I am someone who will inevitably try and establish some sort of record hierarchy for the decade, but, and this is going to sound very silly, it just isn’t fair. The albums that people refer to as “the best of (insert large time span here)” are the ones that stay with you in 20 years time, the kind of records that you get in bar fights over and you sacrifice the car to keep in a nasty divorce. It’s unfair to say that you liked Boys & Girls in America more, even though “Citrus” and “First Night” didn’t make you cry as much as every single time you heard “Love Love Love” or “Of Angels & Angles.”

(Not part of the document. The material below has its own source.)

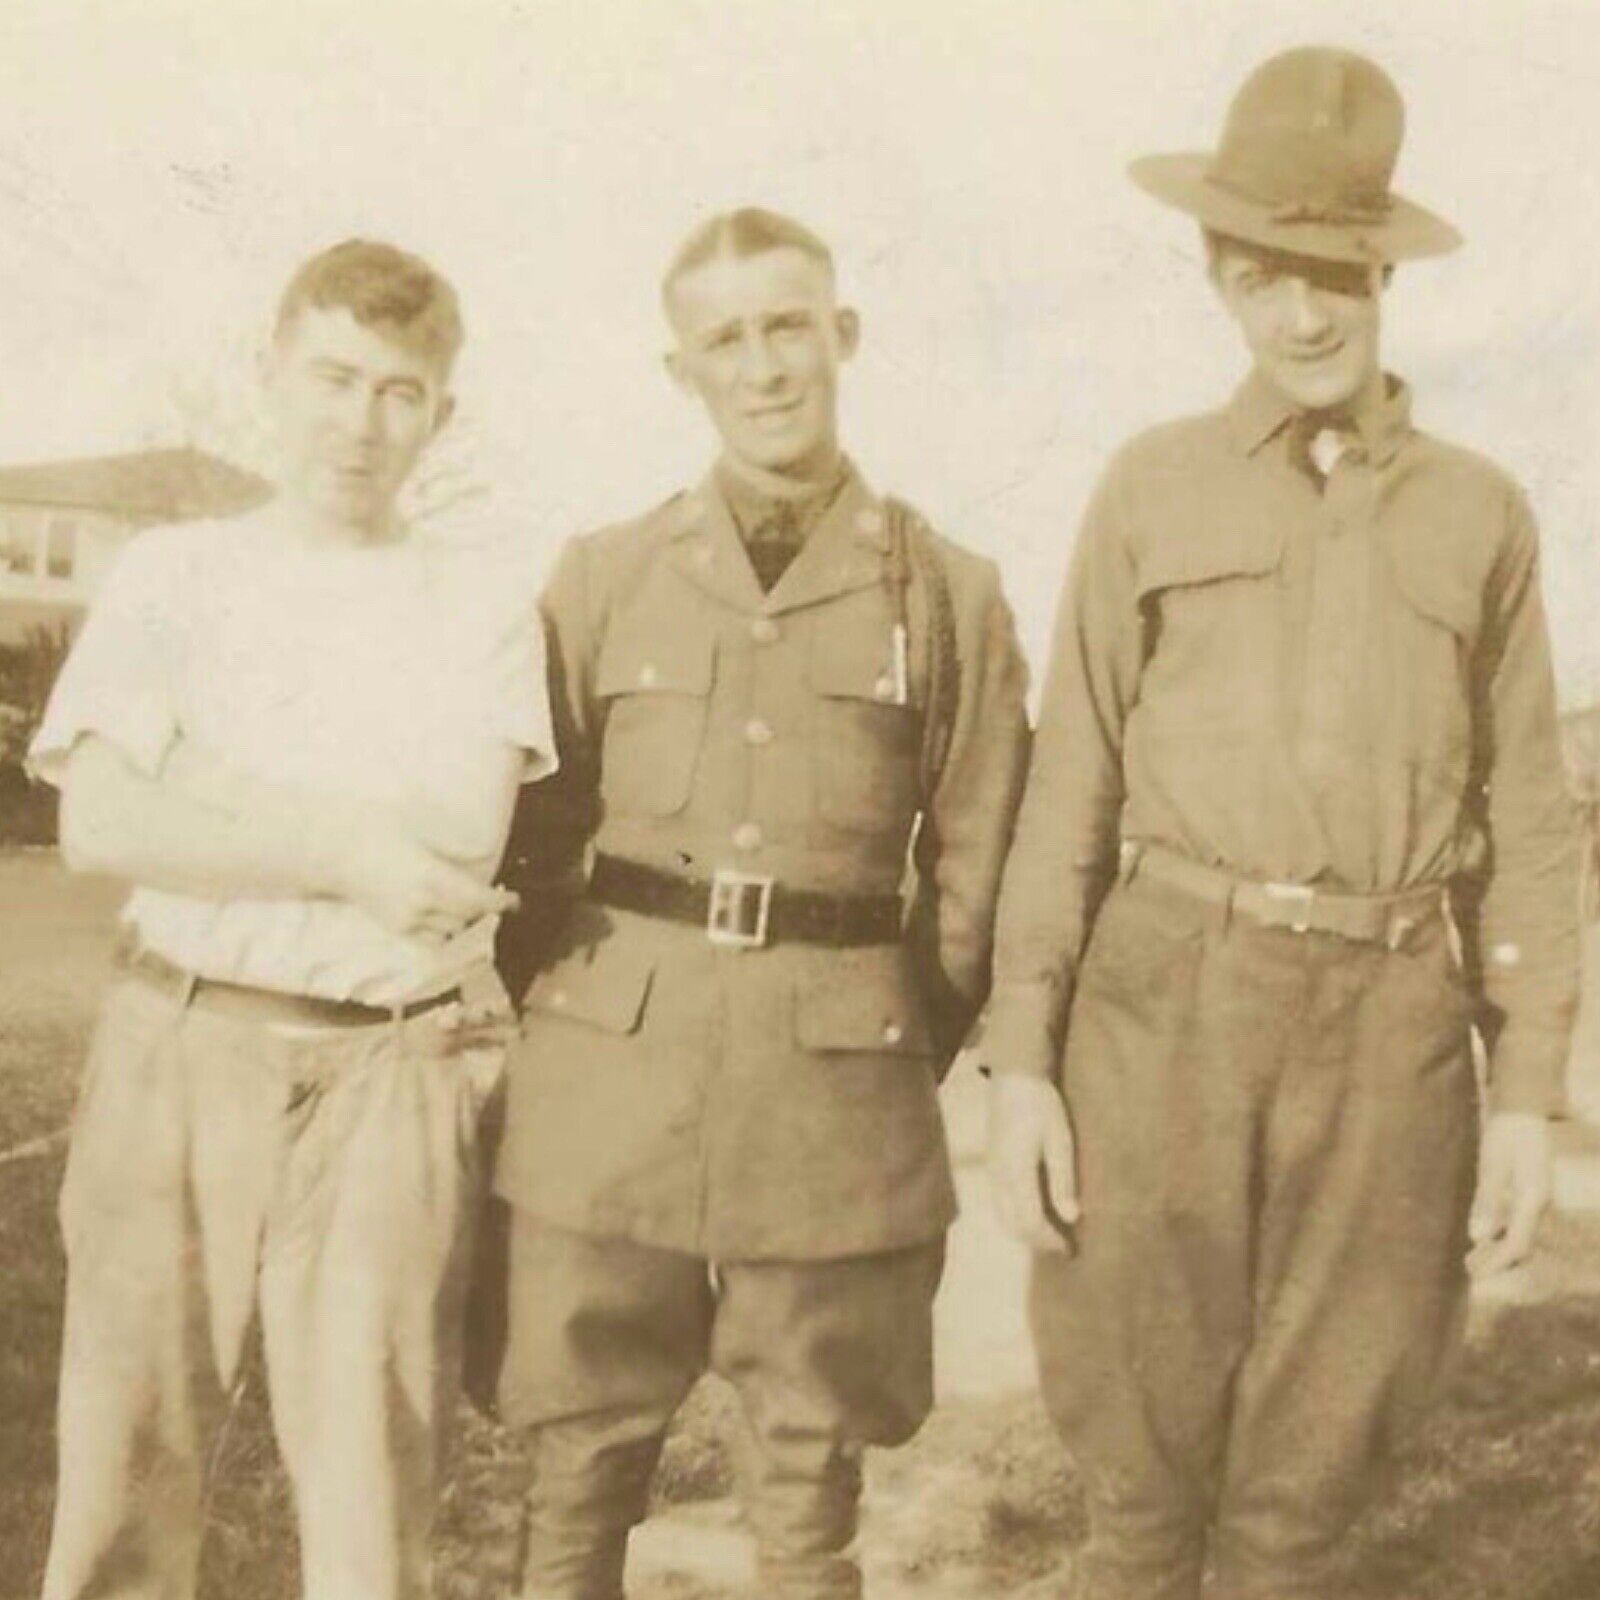 Antique Snapshot Photo Three Handsome Men Wearing Military Uniforms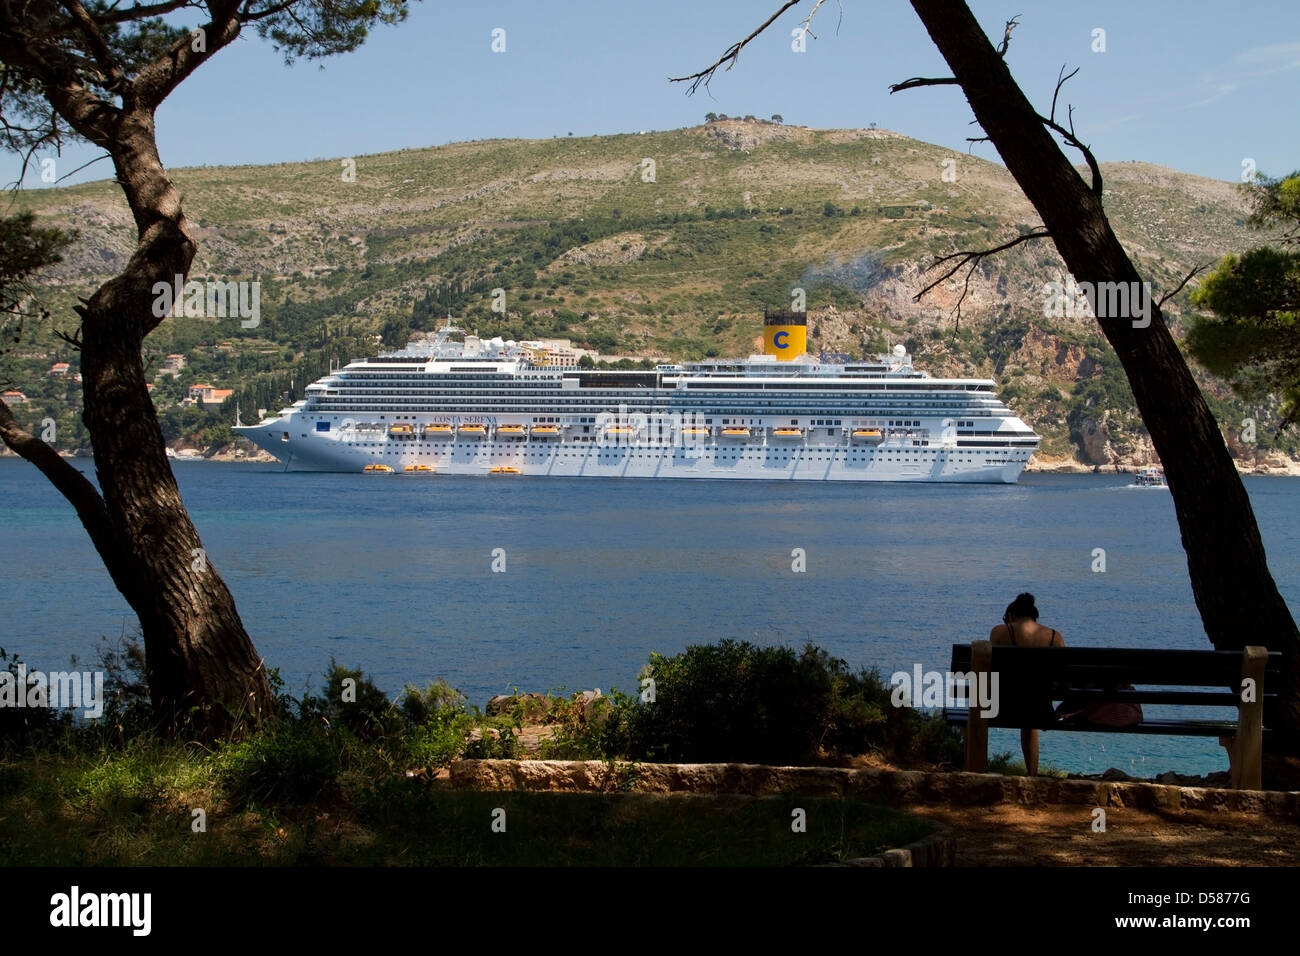 Cruise liner seen from the island of Lokrum near Dubrovnik, Croatia Stock Photo

So, it is with complete fairness that I have decided that the end of the decade should call for celebration of every album that made the decade great. It calls for a celebration of songs like “Wake Up” and “Chicago,” everything from the pop genius of “Stillness is the Move” to the fucked up disco of “Idioteque,” and everywhere in between. It is my intent to discuss these albums, and why they remain so powerful and, in the end, flawless.